Когда мы прибыли в штаб-квартиру Катаиб, другая группа парней отдыхала в тени. Но как только мы прибыли, новенькая Audi с визгом остановилась на противоположной стороне улицы. Она прижалась к бордюру, так что ее ближняя сторона находилась в добрых восемнадцати дюймах от зоны действия снайпера. Три двери распахнулись, из них вышли трое молодых людей и быстро перешли улицу. Двое были в форме, но здоровяк с правого переднего сиденья был одет в синий тренировочный комбинезон, а под левой подмышкой висел пистолет .45-го калибра. «Привет! Я Тони», сказал он и протянул руку для пожатия.

Мне сказали, что главным в Хадате был «шейх Тони», но я не мог представить себе шейха в трениках, который выглядел бы как Бадди Холли, за исключением примерно двадцати лишних фунтов твердой мускулатуры. Он обезоруживающе ухмыльнулся и моргнул сквозь толстые очки в черной оправе, а затем длинноногим уверенным шагом повел нас в штаб.

Мы прошли по длинному и темному коридору в большую комнату, освещенную простой лампочкой. На стене, на стандартном листе фанеры размером четыре на восемь, была карта его диспозиции, на которой были показаны все дома и переулки в Хадате, а позиции сирийской, палестинской, ливанской армий и Ливанских Сил отмечены цветными мелками; позиции тяжелого вооружения, позиции снайперов и ОП были отмечены булавками разного цвета.

Это была карта городского управления водоснабжения. Если бы я не был на этих позициях, то не смог бы разобрать ничего. Тони указал на то, что сначала выглядело как главная улица. Когда я ее рассмотрел, то понял, что это крошечный переулок, по которому мы с Раисом бежали как крабы, то идя, то приседая, то перебегая.

«Это моя квартира», - с горечью сказал Тони. Маленькое чудо. Она была обозначена как позиция палестинского снайпера.

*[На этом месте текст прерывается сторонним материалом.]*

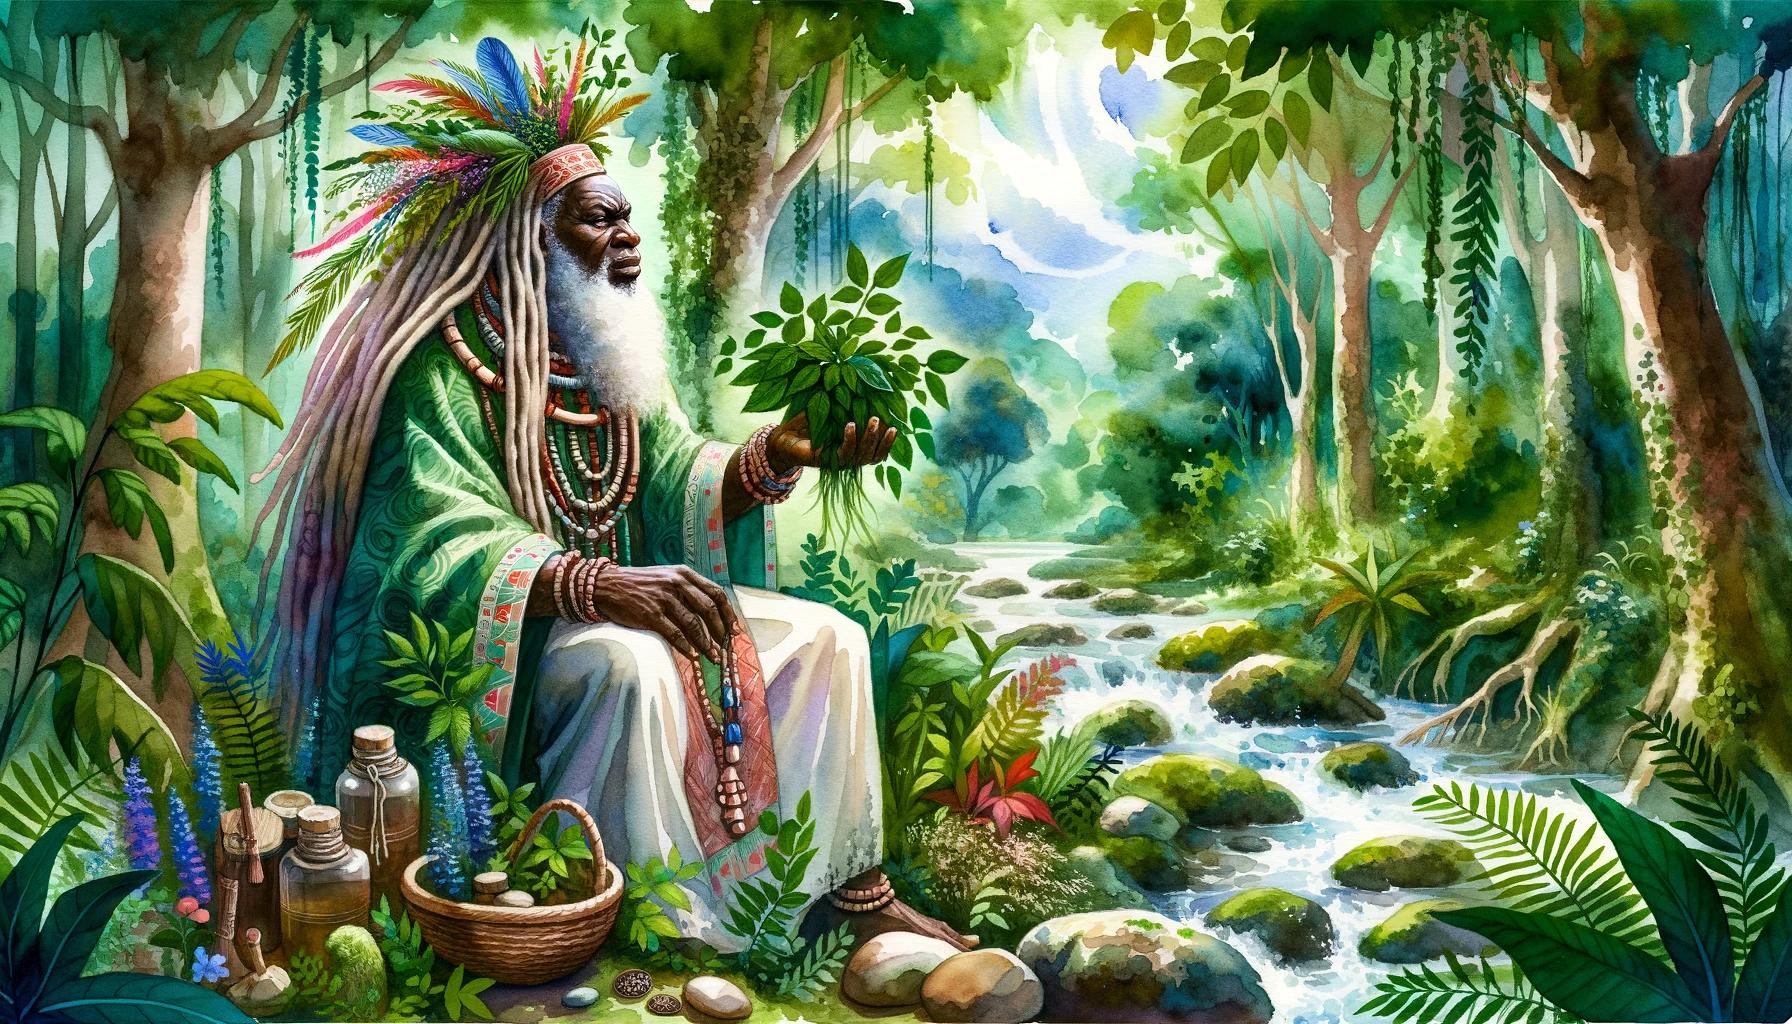 Who is Erinle, the African God: Exploring the Deity’s Significance in African American Spiritual Traditions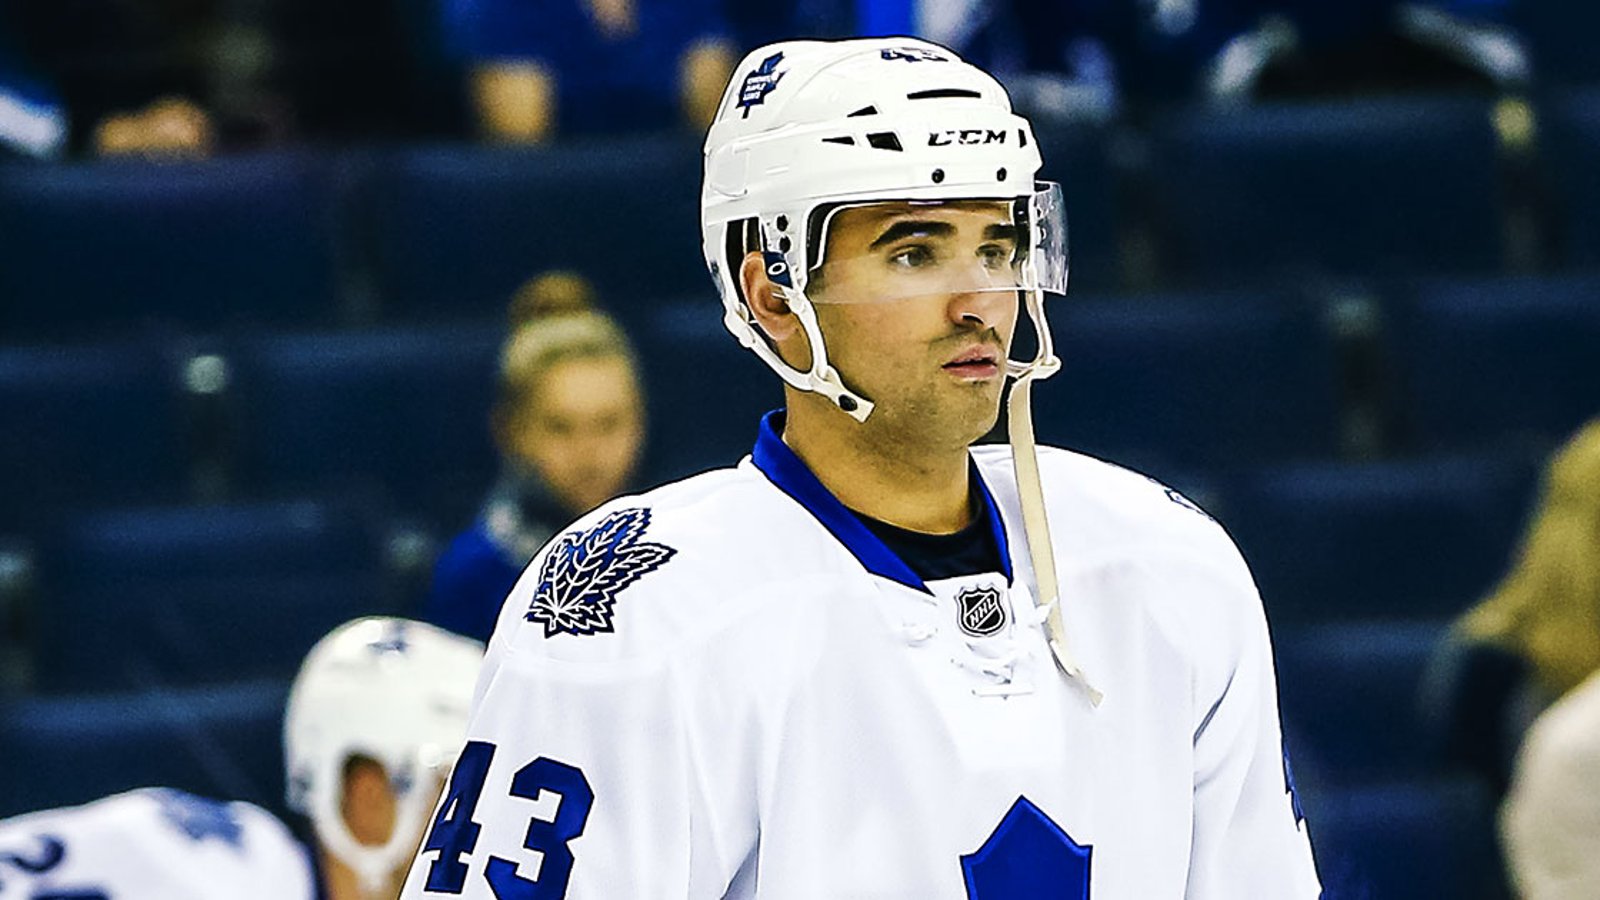 MUST READ: Some stats regarding Kadri and Gardiner should give you some faith.

Тони познакомил меня с двумя мужчинами, что были с ним. Невысокий и компактный Макс был начальником его артиллерии. А коренастый добродушный парень начальником минометного отделения. Он сказал, что его зовут Боб. Они пригласили меня посетить их артиллерийские позиции и затем присоединиться к ним за ужином.

Снаружи мы быстро перешли улицу. Боб включил передачу, вылетел из-за угла, прежде чем снайпер успел прицелиться, а затем поехал как обычно, то есть как маньяк.

Тони хотел зайти в свою амбулаторию, прежде чем мы отправимся на артиллерийские позиции. Помимо того, что он был командиром, он был студентом медиком на пятом курсе и лично интересовался лечением. «У меня еще есть два года, чтобы учиться медицине», - сказал Тони. - «Я должен был закончить сейчас, но война ...» - Он пожал плечами.

Диспансером заведовали две привлекательные молодые медсестры в штатском. На одной были джинсы, футболка и туфли на платформе, волосы свисали до середины спины, на другой - модное летнее платье. Несмотря на то, что они выглядели как пара королев дискотеки, обе были деловыми людьми.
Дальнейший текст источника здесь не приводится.